Multiple risk factors before pediatric cardiac transplantation are associated with increased graft loss.

作者信息

Auerbach Scott R, Richmond Marc E, Chen Jonathan M, Mosca Ralph S, Quaegebeur Jan M, Addonizio Linda J, Hsu Daphne T, Lamour Jacqueline M

机构信息

Department of Pediatric Cardiology, University of Colorado, Children's Hospital Colorado, Denver, CO, USA.

出版信息

Pediatr Cardiol. 2012 Jan;33(1):49-54. doi: 10.1007/s00246-011-0077-7. Epub 2011 Sep 4.

Abstract

Identification of heart transplant recipients at highest risk for a poor outcome could lead to improved posttransplantation survival. A chart review of primary heart transplantations from 1993 to 2006 was performed. Analysis was performed to evaluate the risk of graft loss for those with a transplantation age less than 1 year, congenital heart disease (CHD), elevated pulmonary vascular resistance (index > 6), positive panel reactive antibody or crossmatch, liver or renal dysfunction, mechanical ventilation, or mechanical circulatory support (MCS). Primary transplantation was performed for 189 patients. Among these patients, 37% had CHD, 23% had mechanical ventilation, and 6% had renal dysfunction. Overall graft survival was 82% at 1 year and 68% at 5 years.

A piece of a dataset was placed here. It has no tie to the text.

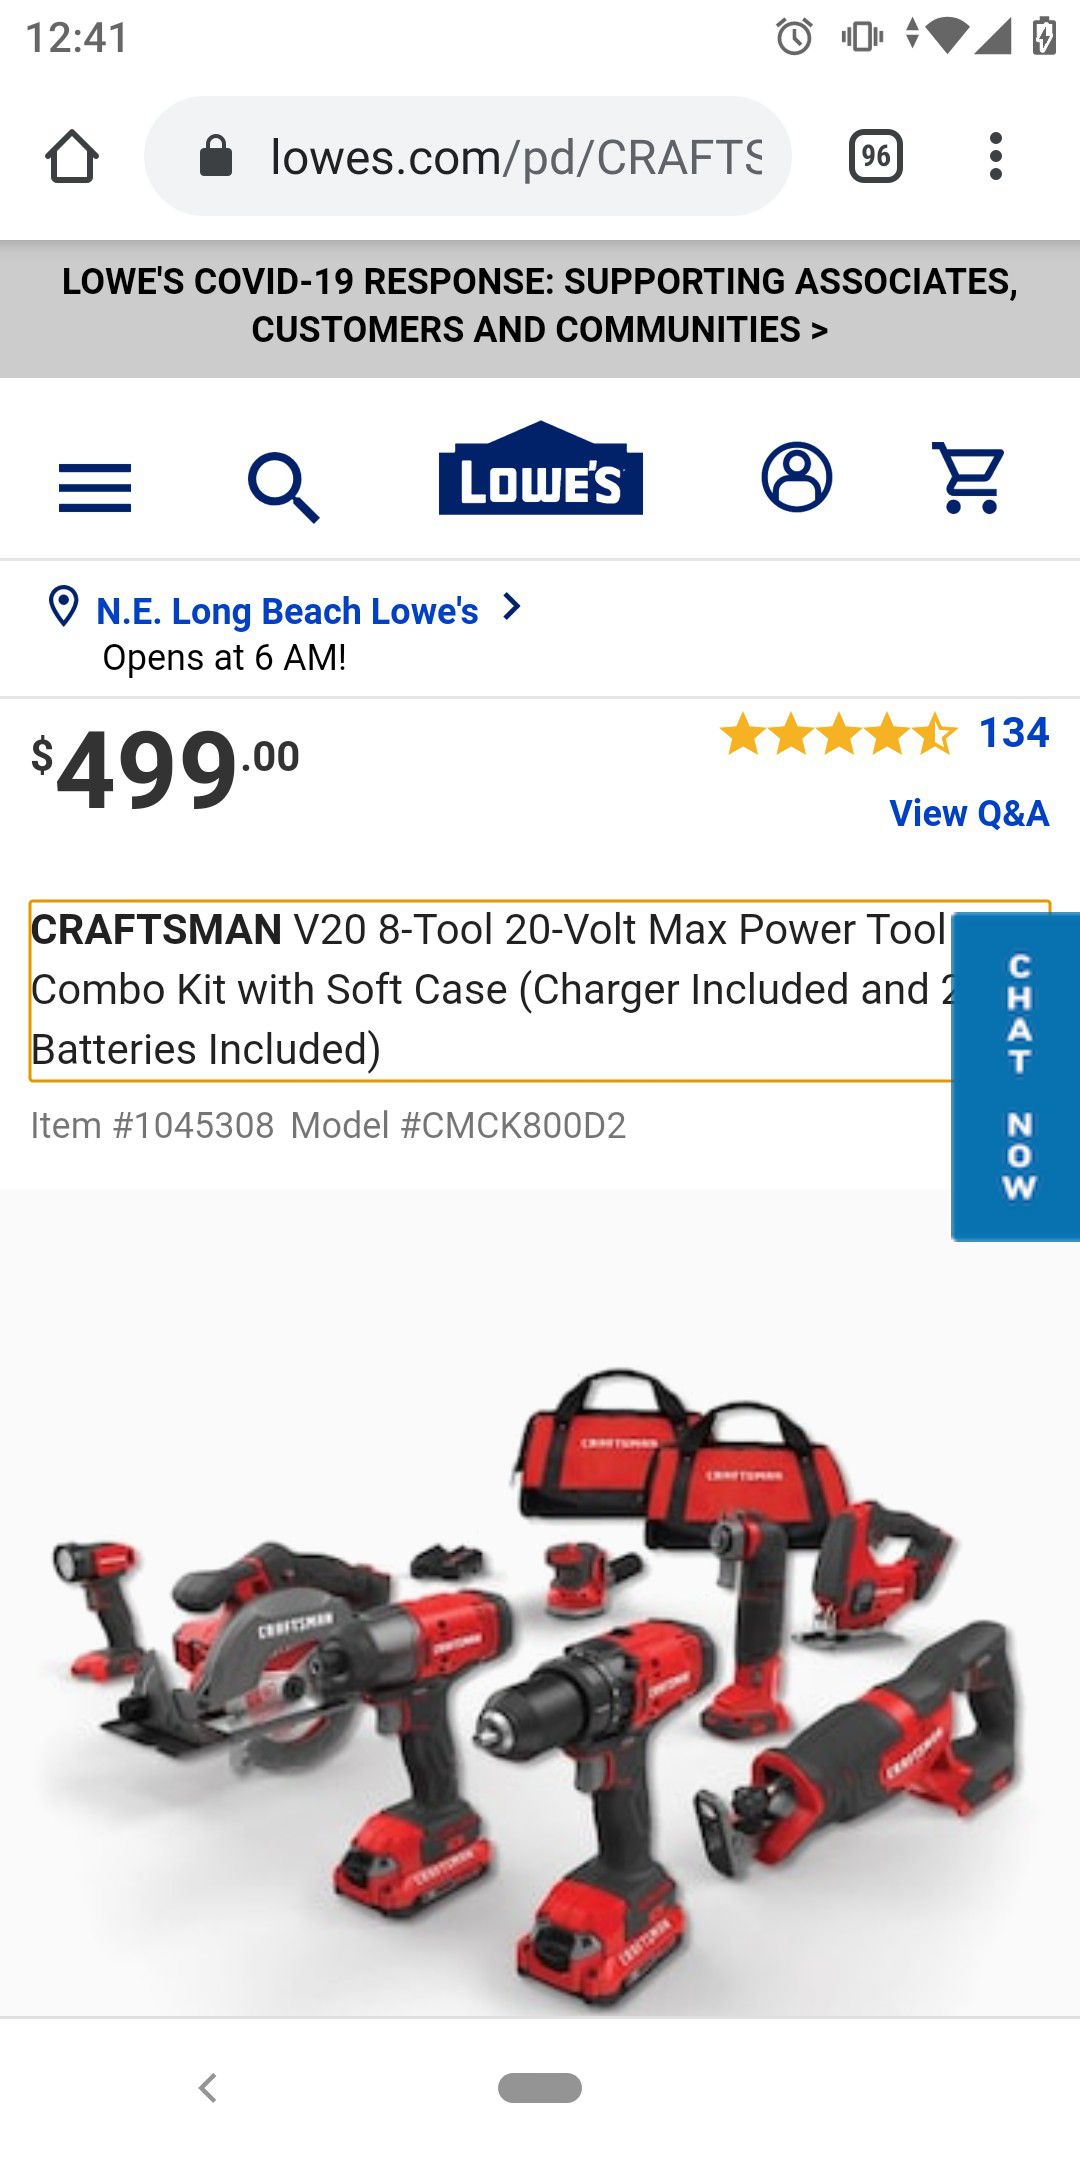 CRAFTSMAN Max Power Tool Combo Kit (Charger Included and 3-Batteries Included)

The univariate risk factors for graft loss included mechanical ventilation (hazard ratio [HR], 1.9; 95% confidence interval [CI], 1.15-3.18), CHD (HR, 1.68; 95% CI, 1.04-2.70), and renal dysfunction (HR, 3.05; 95% CI, 1.34-6.70). The multivariate predictors of graft loss were CHD (HR, 1.8; 95% CI, 1.02-2.64), mechanical ventilation (HR, 1.9; 95% CI, 1.13-3.10), and the presence of two or more statistically significant univariate risk factors (SRF) (HR, 3.8; 95% CI, 2.00-7.32). Mechanical ventilation, CHD, and the presence of two or more SRFs identify pediatric patients at higher risk for graft loss and should be considered in the management of children with end-stage heart failure.

摘要

识别心脏移植受者中预后不良风险最高的人群,可能会改善移植后的生存率。对1993年至2006年的初次心脏移植进行了图表回顾。分析评估了移植年龄小于1岁、患有先天性心脏病(CHD)、肺血管阻力升高(指数>6)、群体反应性抗体或交叉配型阳性、肝或肾功能不全、机械通气或机械循环支持(MCS)的患者发生移植物丢失的风险。对189例患者进行了初次移植。在这些患者中,37%患有CHD,23%接受了机械通气,6%存在肾功能不全。1年时总体移植物生存率为82%,5年时为68%。移植物丢失的单因素风险因素包括机械通气(风险比[HR],1.9;95%置信区间[CI],1.15 - 3.18)、CHD(HR,1.68;95%CI,1.04 - 2.70)和肾功能不全(HR,3.05;95%CI,1.34 - 6.70)。移植物丢失的多因素预测因素为CHD(HR,1.8;95%CI,1.02 - 2.64)、机械通气(HR,1.9;95%CI,1.13 - 3.10)以及存在两个或更多具有统计学意义的单因素风险因素(SRF)(HR,3.8;95%CI,2.00 - 7.32)。机械通气、CHD以及存在两个或更多SRF可识别出移植物丢失风险较高的儿科患者,在终末期心力衰竭患儿的管理中应予以考虑。